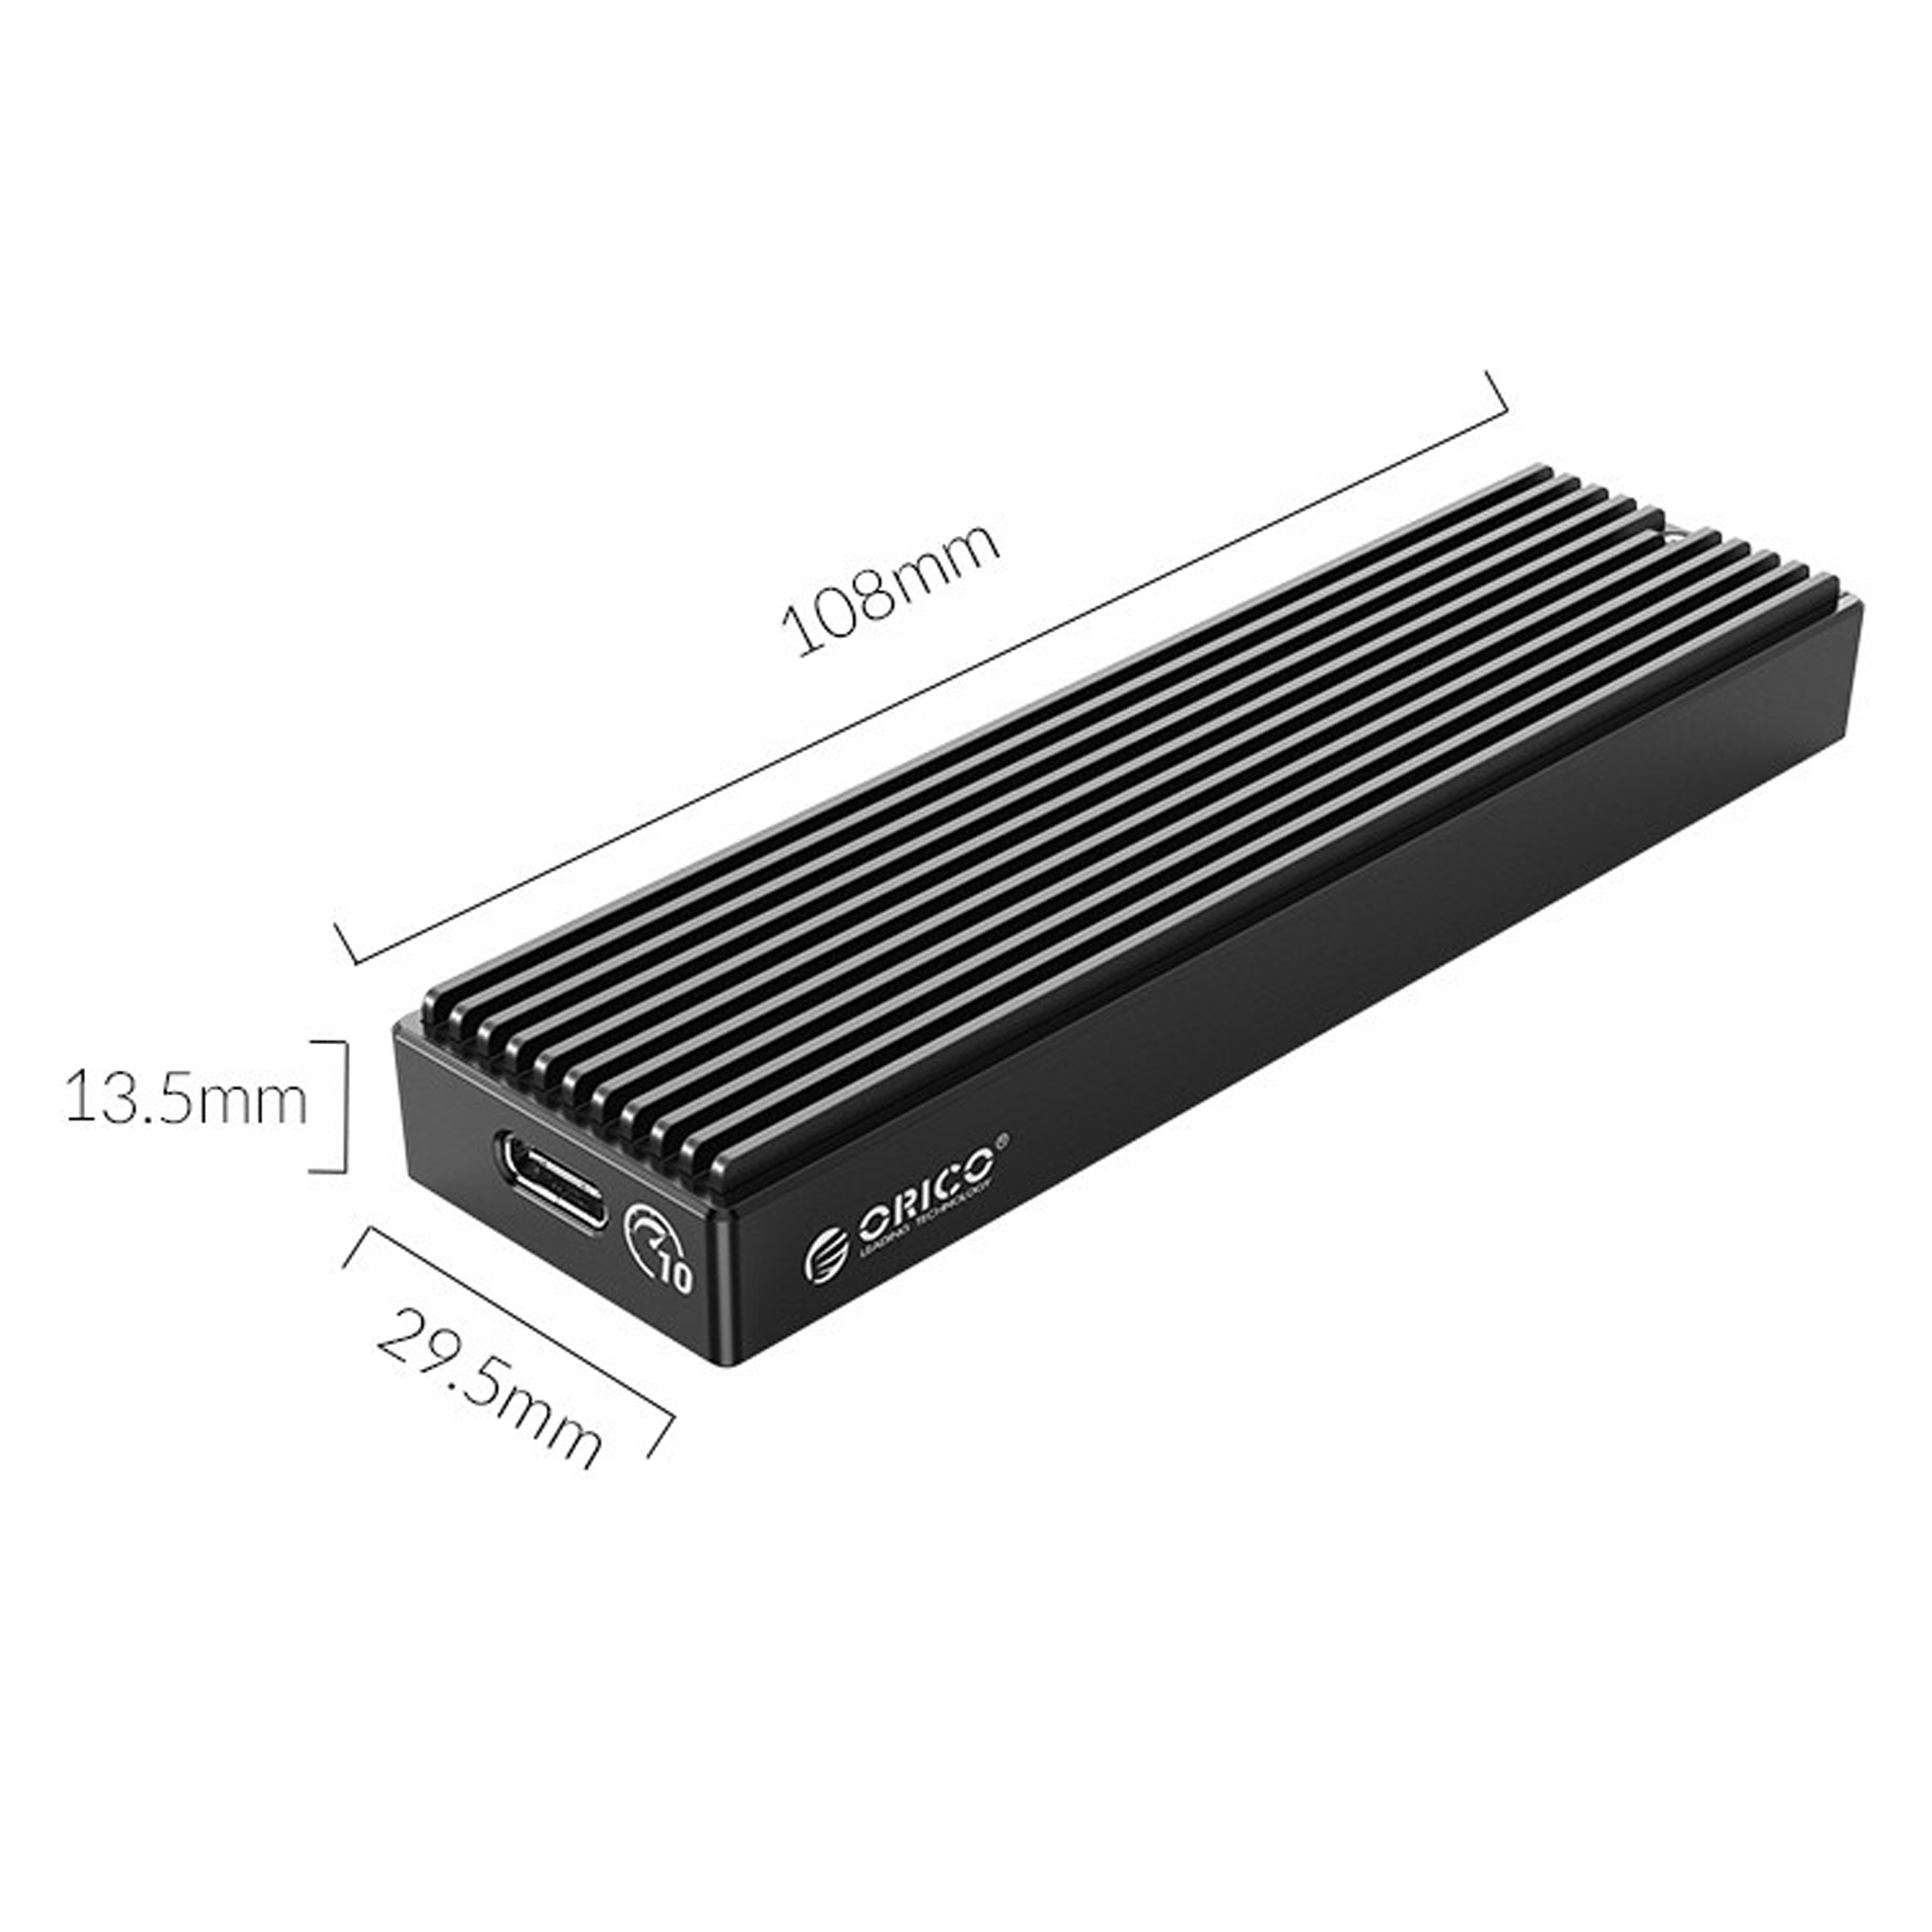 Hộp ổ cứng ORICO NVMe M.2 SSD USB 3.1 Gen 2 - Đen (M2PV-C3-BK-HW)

────────────────────

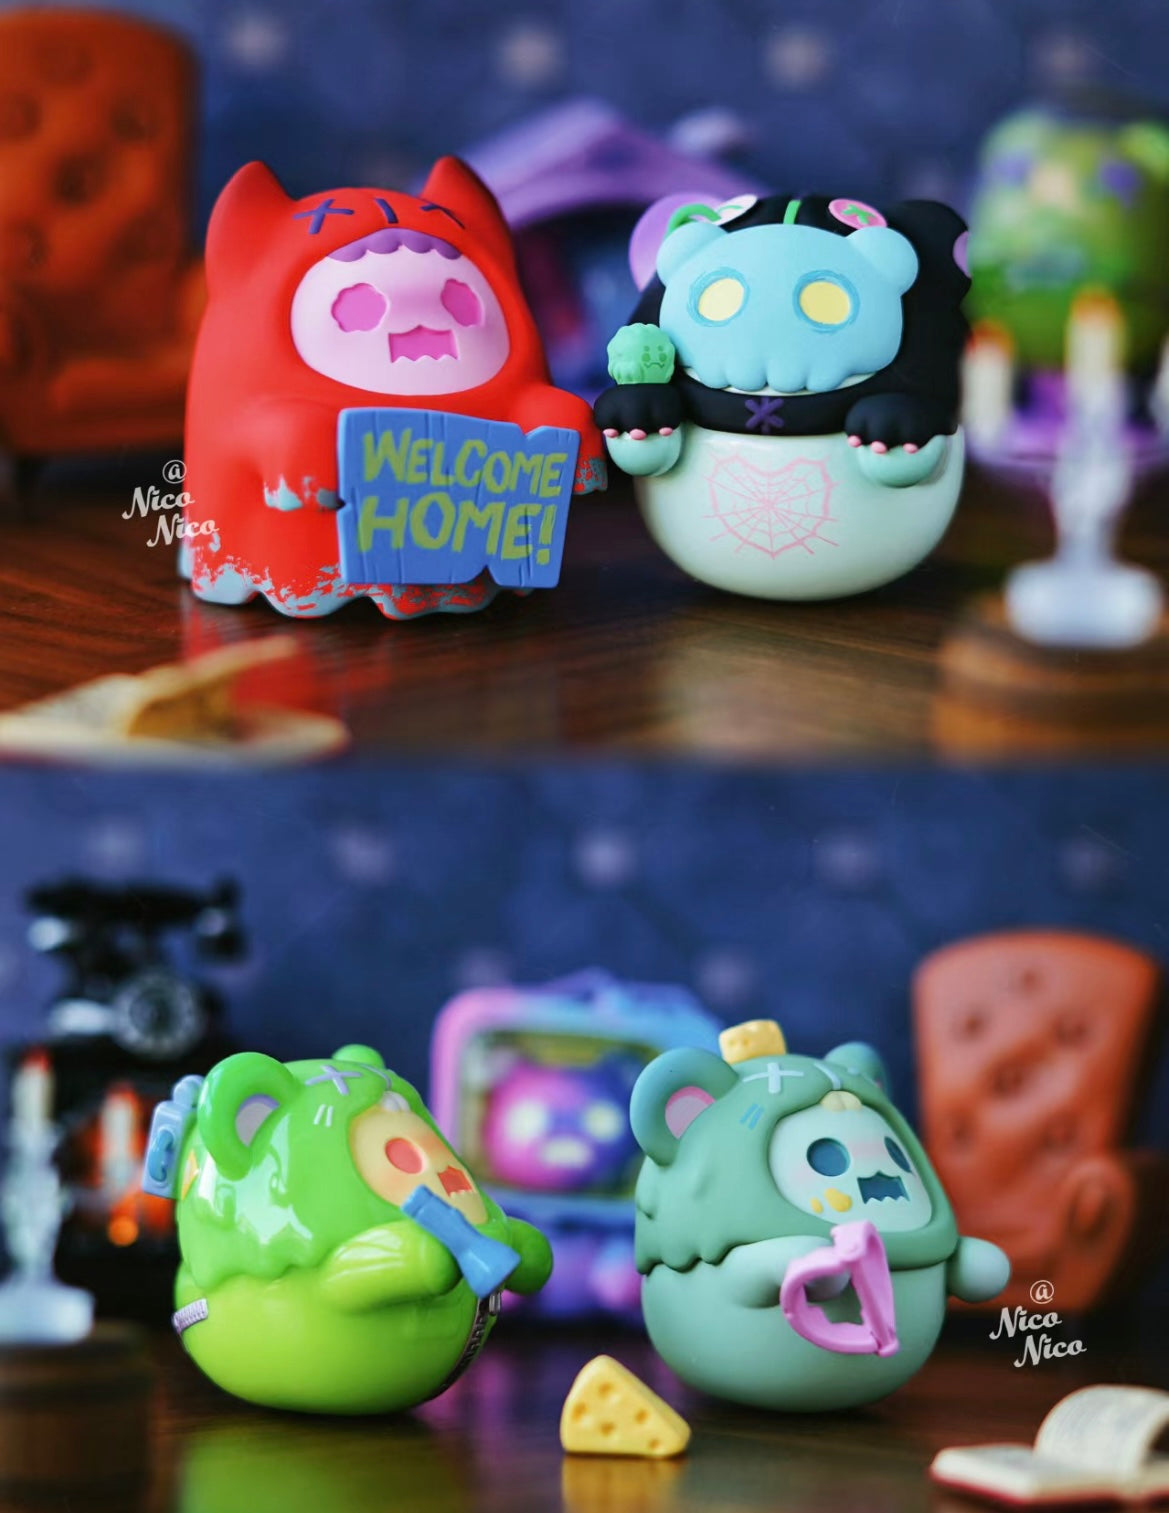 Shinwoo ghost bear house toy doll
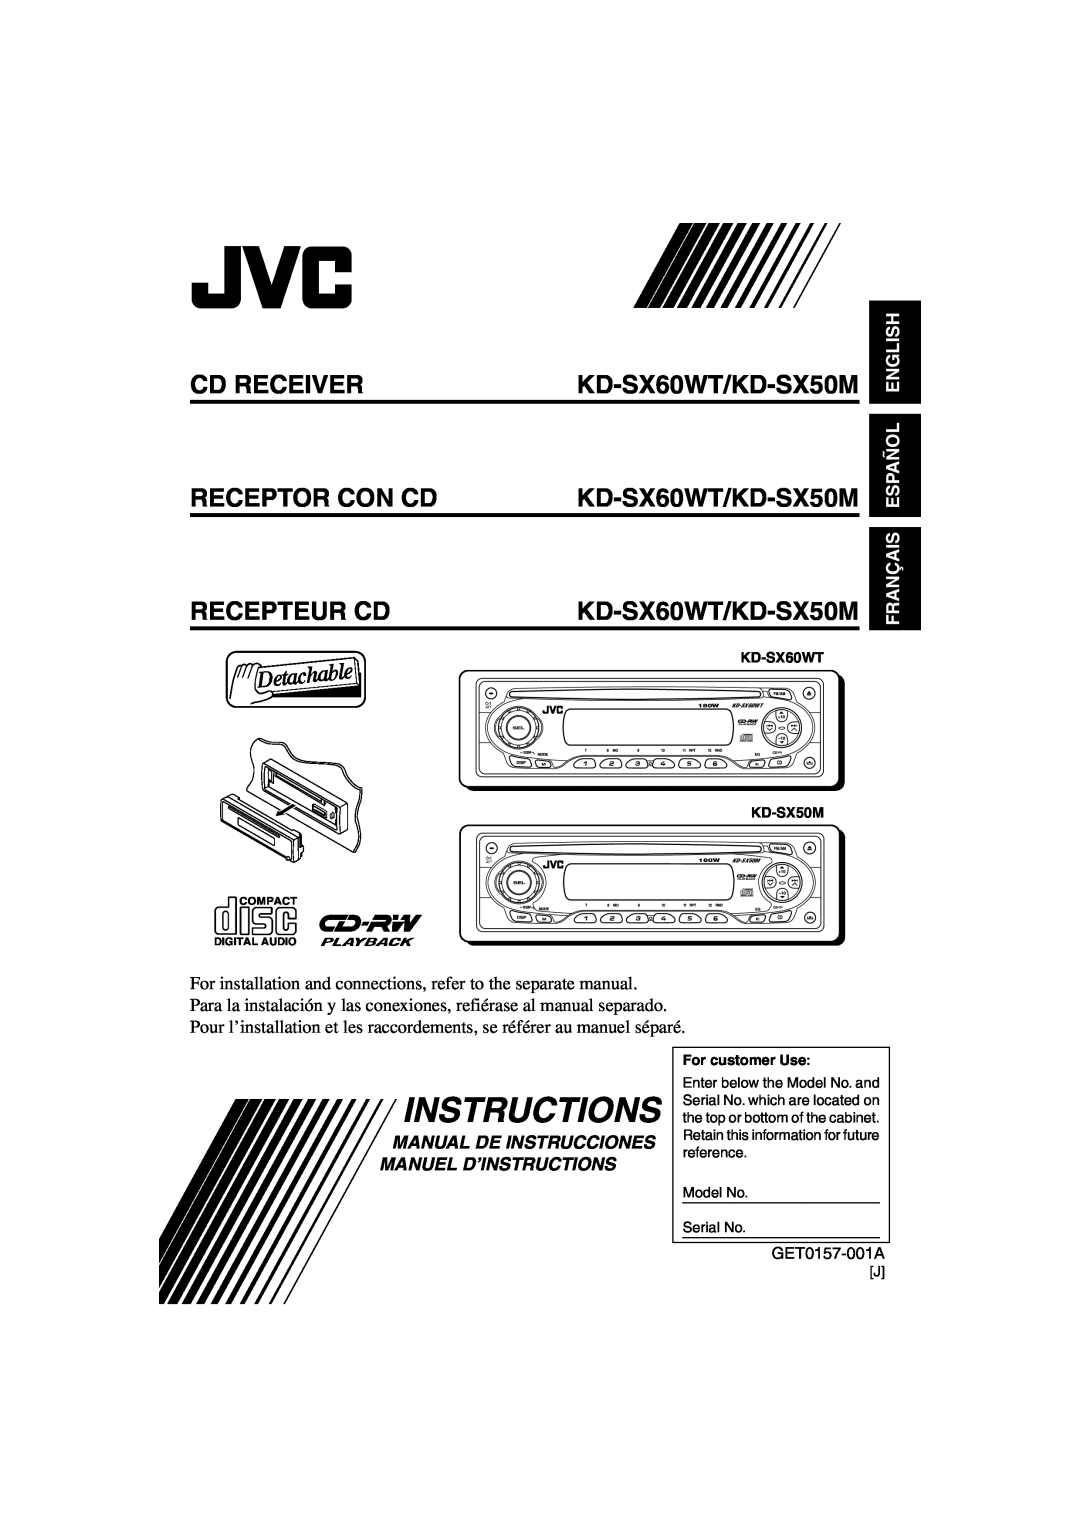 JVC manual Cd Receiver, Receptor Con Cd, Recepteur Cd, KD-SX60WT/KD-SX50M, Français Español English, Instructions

────────────────────

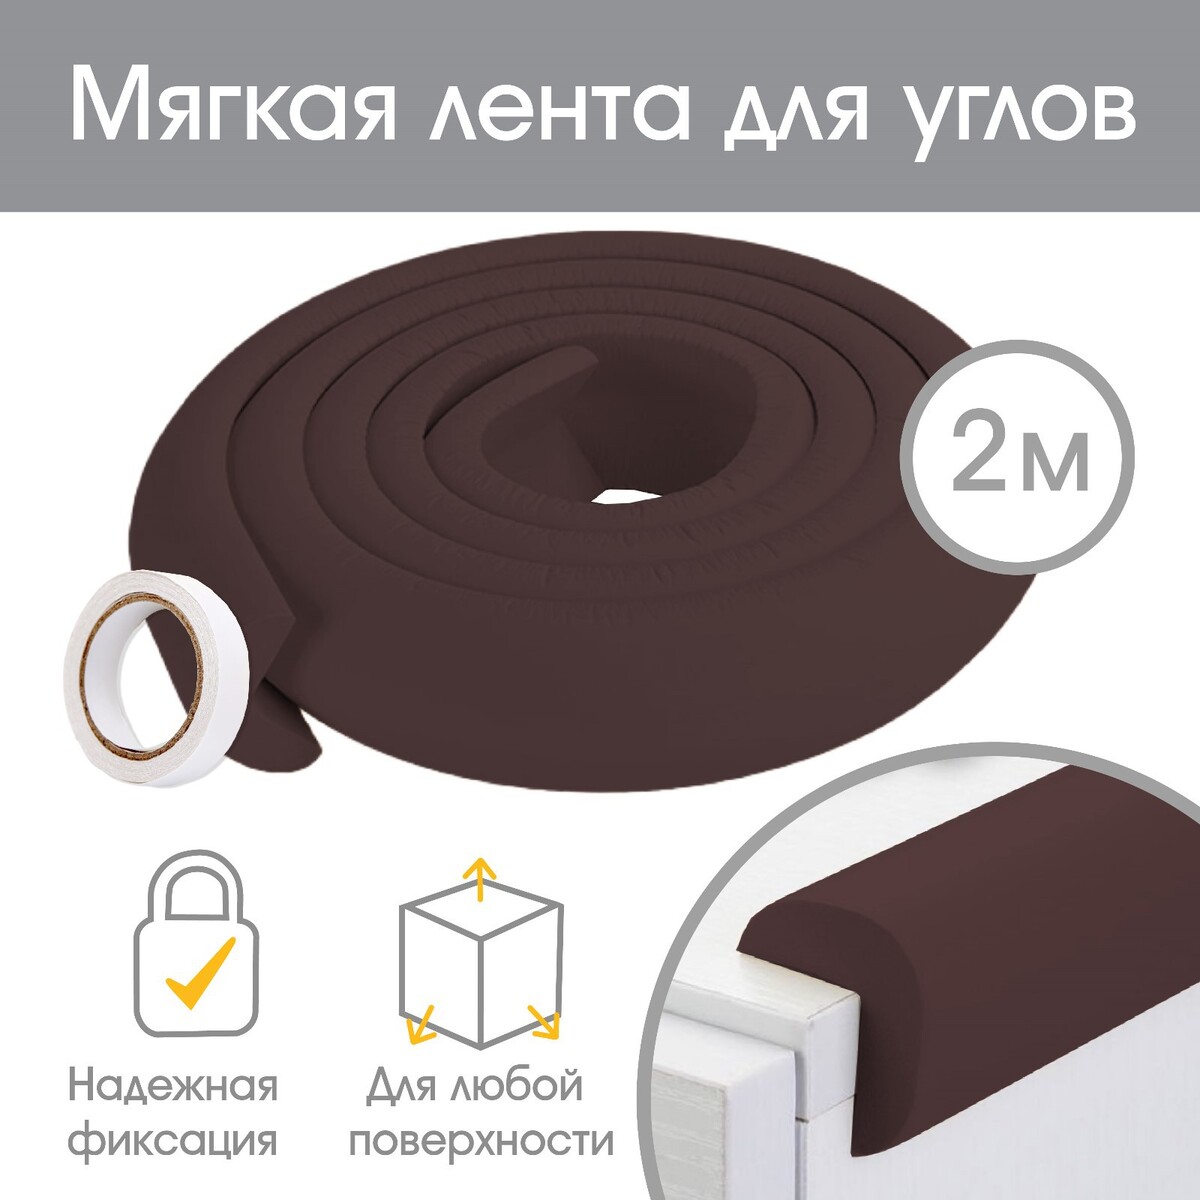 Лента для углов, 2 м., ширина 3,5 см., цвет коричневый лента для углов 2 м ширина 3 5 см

────────────────────

Exercise requirements: Give back the exact lines above, running from the one that has "Shinwoo ghost bear house toy doll" through the one that has "JVC manual Cd", with nothing added and no pictures.

Written answer:
 Shinwoo ghost bear house toy doll
 JVC manual Cd Receiver, Receptor Con Cd, Recepteur Cd, KD-SX60WT/KD-SX50M, Français Español English, Instructions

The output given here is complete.